The videos were everywhere by the time I was done with my last class. It was all people were talking about on my walk back to my dorm. I had texts coming in left and right from people on our side, but I ignored them. I didn’t want to get into it or cheer if it was a win.

I only answered Tracey when I saw she asked if I was okay and if I got sick. I told her that I was as fine as either of us could be and it wasn’t too bad. I wasn’t going to lie to her, not when I’d beat her if she hid something like that from me.

I was honest though that I was going to tune out a bit and just focus on work and school since I didn’t have to go to the factory. If she needed me then to text me and I’d check my watch for her name.

She replied saying to put everything on focus mode as long as I stayed in my dorm room so she didn’t worry. She totally understood and to forget what everyone else needed. To do what I needed but just not to make her worry.

I replied she better not do the same.

I laughed at her reply. Like full belly laugh and had to lean on the something, so luckily I’d reached my dorm.

“What’s so funny?” a deep voice asked me. “I didn’t think I’d find you in a good mood.”

I blinked up into Kelton’s dark blue eyes. “I’m not, but Tracey’s too funny sometimes to not laugh through the crazy.”

“Glad she can do that for you no matter how serious things are,” he muttered, glancing at my phone curiously but leaving it alone.

I appreciated that because I wasn’t going to tell him what Tracey’s text was when it was personal. But I was still chuckling that she admitted she would be good because teasing one of her bodyguards and flirting with the man was her new fun hobby and favorite way to relieve stress.

It was honestly horrible of us because if things were reversed and it was a man flirting with a woman who was working for him, we would be all over that. She even admitted that and apologized that she would stop, but the other guys said it was karma because that guy was always ribbing everyone else and pulling pranks.

So… He was getting his just desserts in the form of a very sexy woman pushing his buttons.

“I was hoping we could study?” Kelton muttered, bringing me back around. “I’ve got a paper to work on and—”

“And you didn’t want to leave me alone right now,” I cut in, wanting him to just admit it.

“No, no, I didn’t.”

I nodded. Okay, we could work quietly and he wouldn’t push me.

Or so I thought.

Just not in the way I’d thought… Maybe?

I was taking a break from work to do homework—and it wasn’t lost on me that my focus might be a bit backwards when I was a college student as my full-time job. But I had another full-time job, and college kids did work.

Life was complicated.

So we were both sitting on my bed looking over different things when he leaned in and put his head on my shoulder. I chuckled because it was cute.

“I’ll pay you back for the printer ink,” he muttered.

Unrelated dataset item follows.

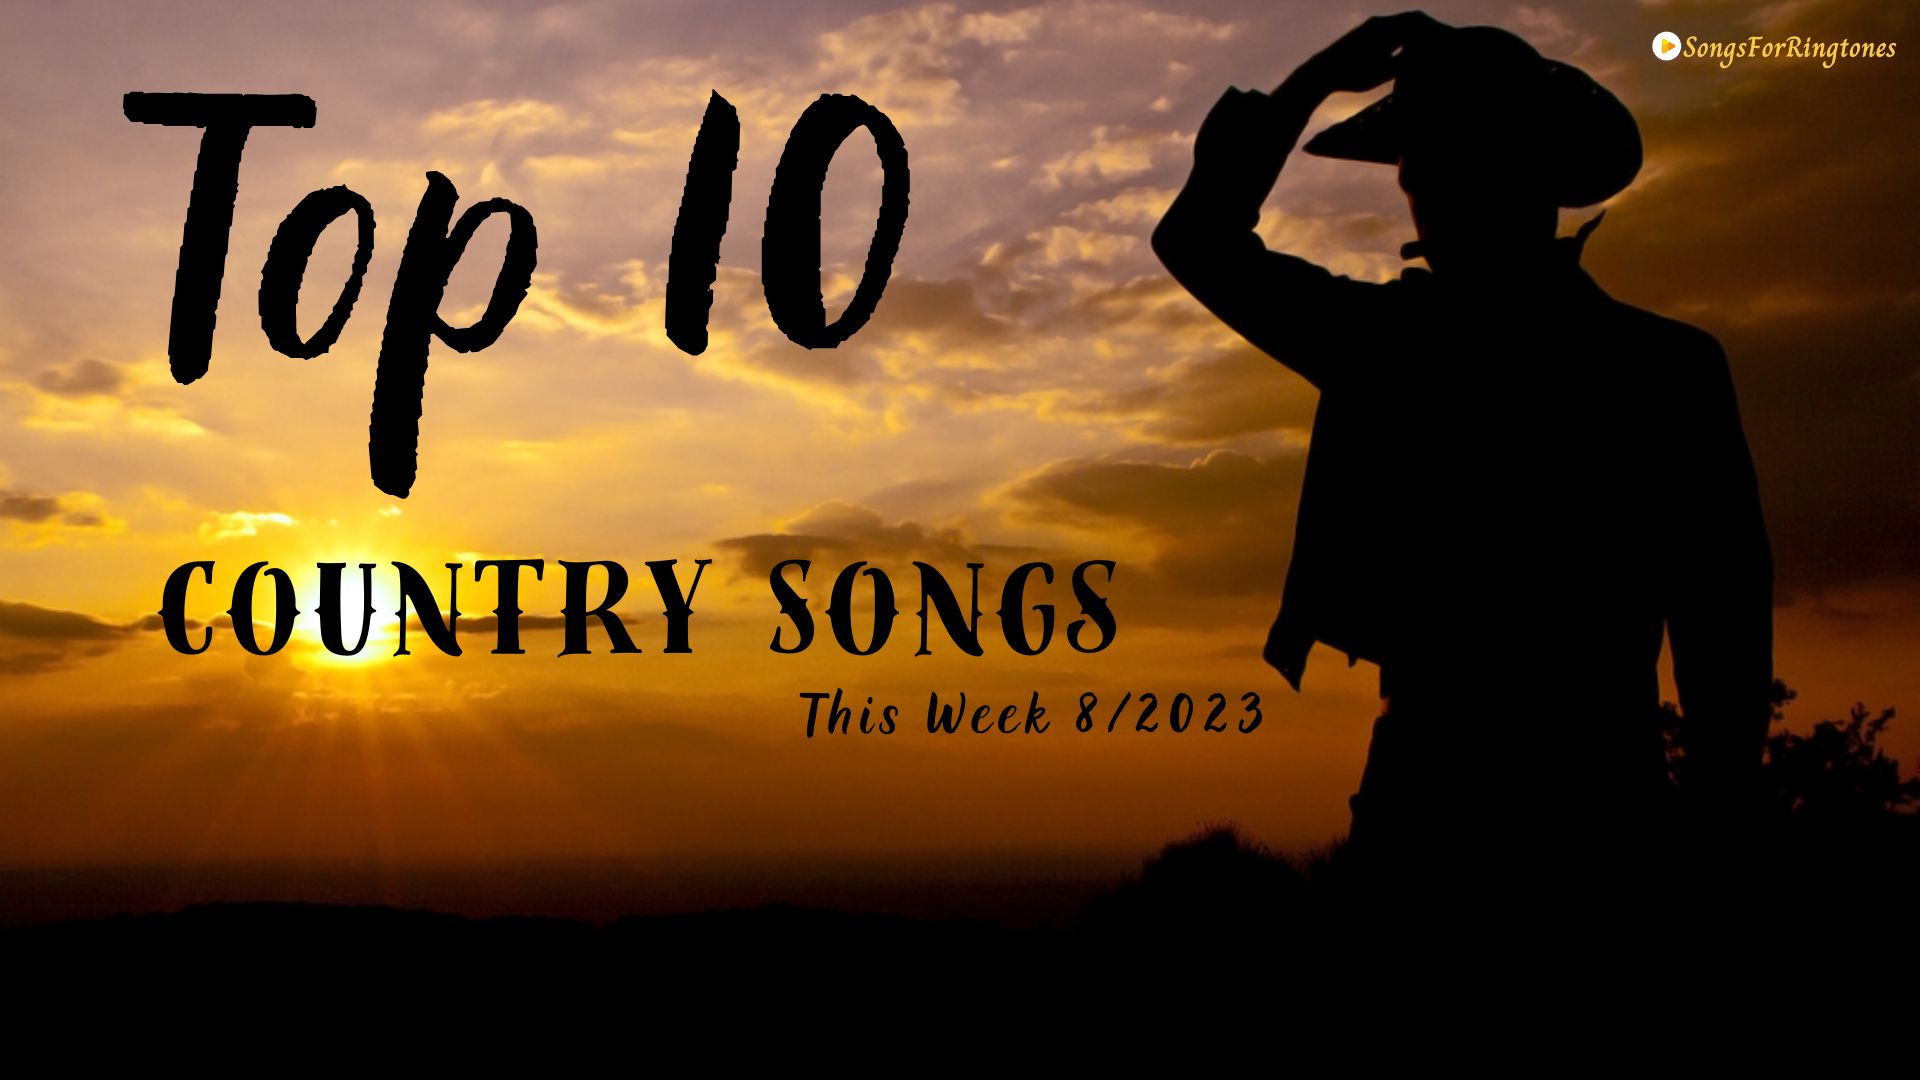 Top 10 Country Songs This Week (Updated 8/2023) – The Hottest Tracks in Country Music Right Now

“It’s fine,” I promised, glad I’d gotten a good printer for my room. Going to the computer lab to print out assignments and more was tricky with the way people behaved, especially with the Wicked Challenge going on.

“What are you working on?” he asked as he moved his arm behind me and leaned in closer.

“A project for History of Magic I,” I answered. “How is your paper going?”

“Pretty much all done, but grammar and I will never be friends. I suck at editing my own papers.” He snorted. “Other people’s papers too.”

“I can edit them for you real quick,” I offered. “Grammar and I are friends in that area. My tutors made sure.”

“Thanks, really, I appreciate it. The professors can be dicks about it. Like I get they can’t let it be horrible, but it’s not an English paper so settle down, you know?”

I nodded, thinking that was fair even if I hadn’t experienced it firsthand yet. Then again, for all I knew, Kelton was a disaster and they were making a point that he needed to work on that at his level.

“I will show my appreciation in carnal favors,” he murmured as he kissed my neck.

I turned to tell him that it was fine, but he slanted his mouth over mine. The kiss was soft at first but then he took it up a notch. Not much and it was nice, not really comforting but… Not too much.

It didn’t stay there though, and he moved me to lie down and positioned his body mostly over me. We kept kissing and it was still okay.

Until his hand moved to my breast.

I flinched and broke the kiss, looking away from him and not knowing what to do.

“Bev?” he whispered, moving his hand away. “What’s going on?”

“I killed someone,” I said, thinking he maybe should have understood that. I got upset when his whole body went tense and rolled from under him and slid off the bed.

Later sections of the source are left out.